Hacker News new | ask | show | jobs
by wenc 2973 days ago
Umm, yes, in my case, the kernel is running remotely on a cloud VM. My client is a local browser (Chrome) which connects to localhost:8888, which is a tunnel set up to connect to the remote machine on port 8888.

This lets me run computationally heavy Jupyter calculations on a beefy remote backend in the cloud. My local browser merely talks to that backend via a tunnel.

Here's something on the web that describes this [1] -- except with Bitvise on Windows, you don't have to enter any SSH commands. The tunnel setup etc. is all done via a GUI. This is a pretty standard SSH tunnel technique. You can use this for more than just Jupyter.

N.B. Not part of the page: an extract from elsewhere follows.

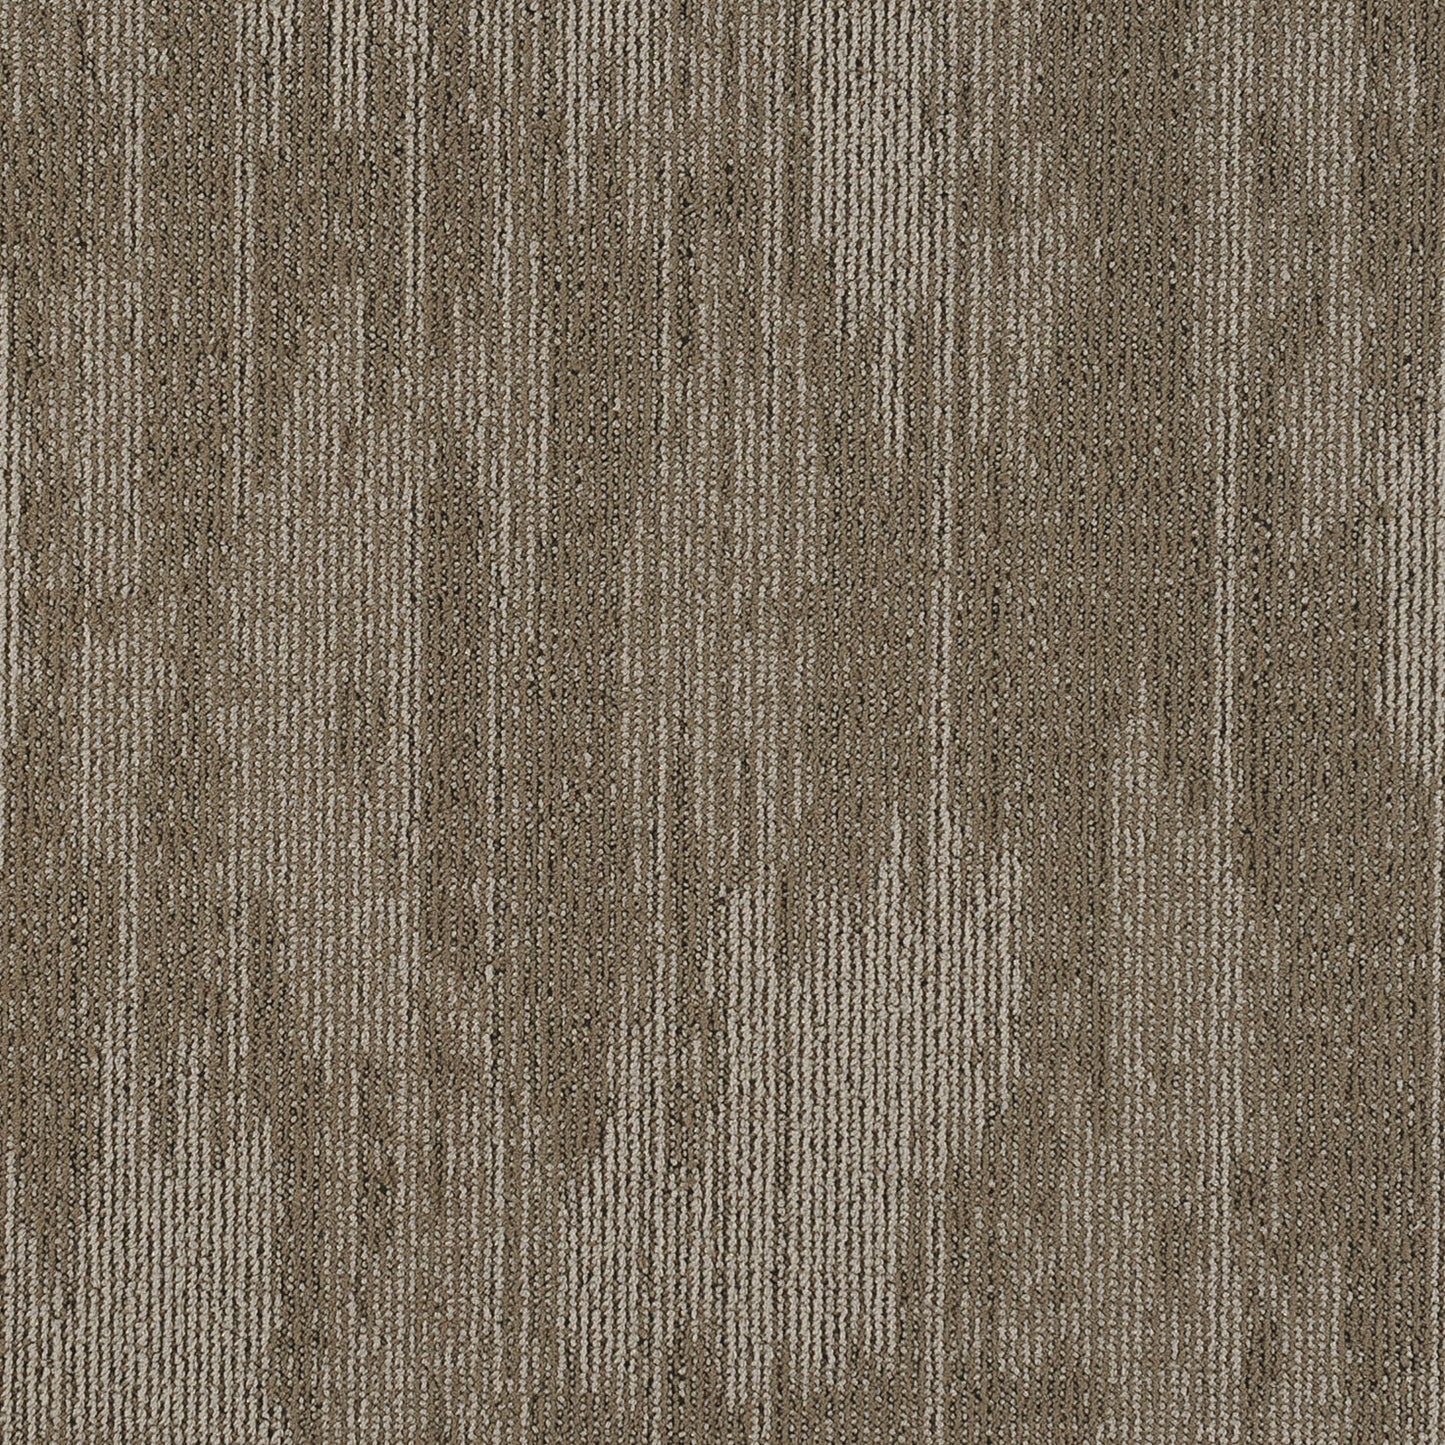 Carpet Tile - T861 DUNE
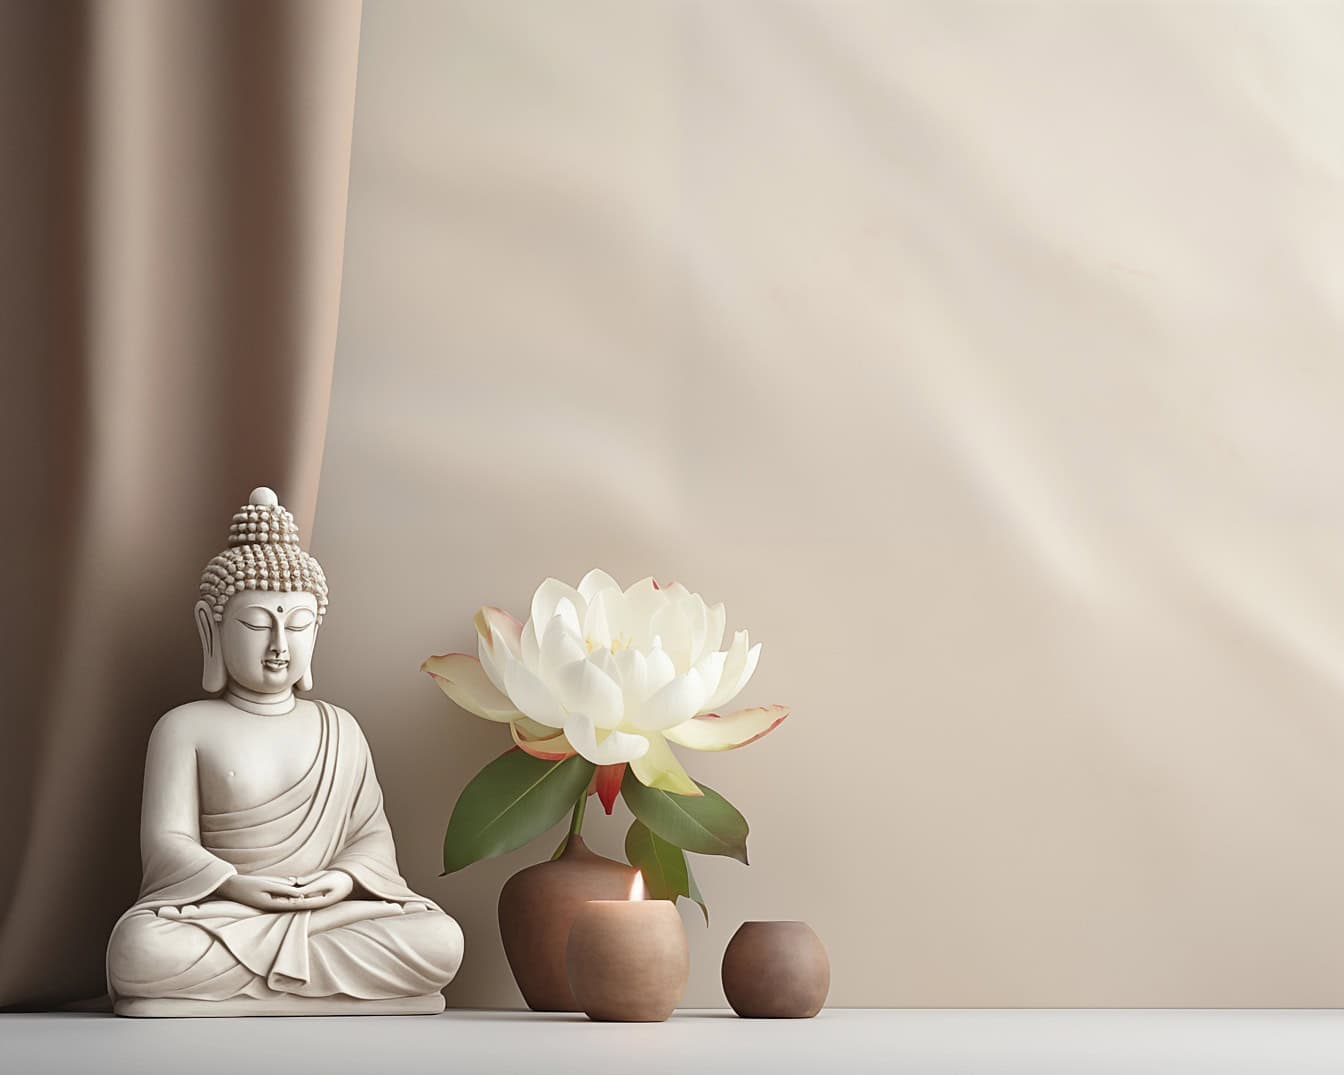 Biały posąg Buddy siedzący obok białego kwiatu lotosu, ilustracja przedstawiająca medytację zen

[1] http://www.vickyfu.com/2017/04/using-jupyter-notebook-remote...

1 comments

Again, that's not what I mean. I want to run Jupyter (or some other front-end) on my laptop and have it talk to a kernel running on a server. You're describing running both Jupyter and the kernel on the server.
Oh I see now. You want to run the raw kernel with no front-end on the remote machine and communicate with it via the 0MQ/JSON transport layer. I'm curious, what is the advantage of doing this vs. simply running an instance of Jupyter on a remote machine?
I don't necessarily want to use Jupyter as the front end. This way lets me use e.g. Pycharm with the kernel running in a console.

BTW I managed to get it to work. I think I had missed a port the first time I tried.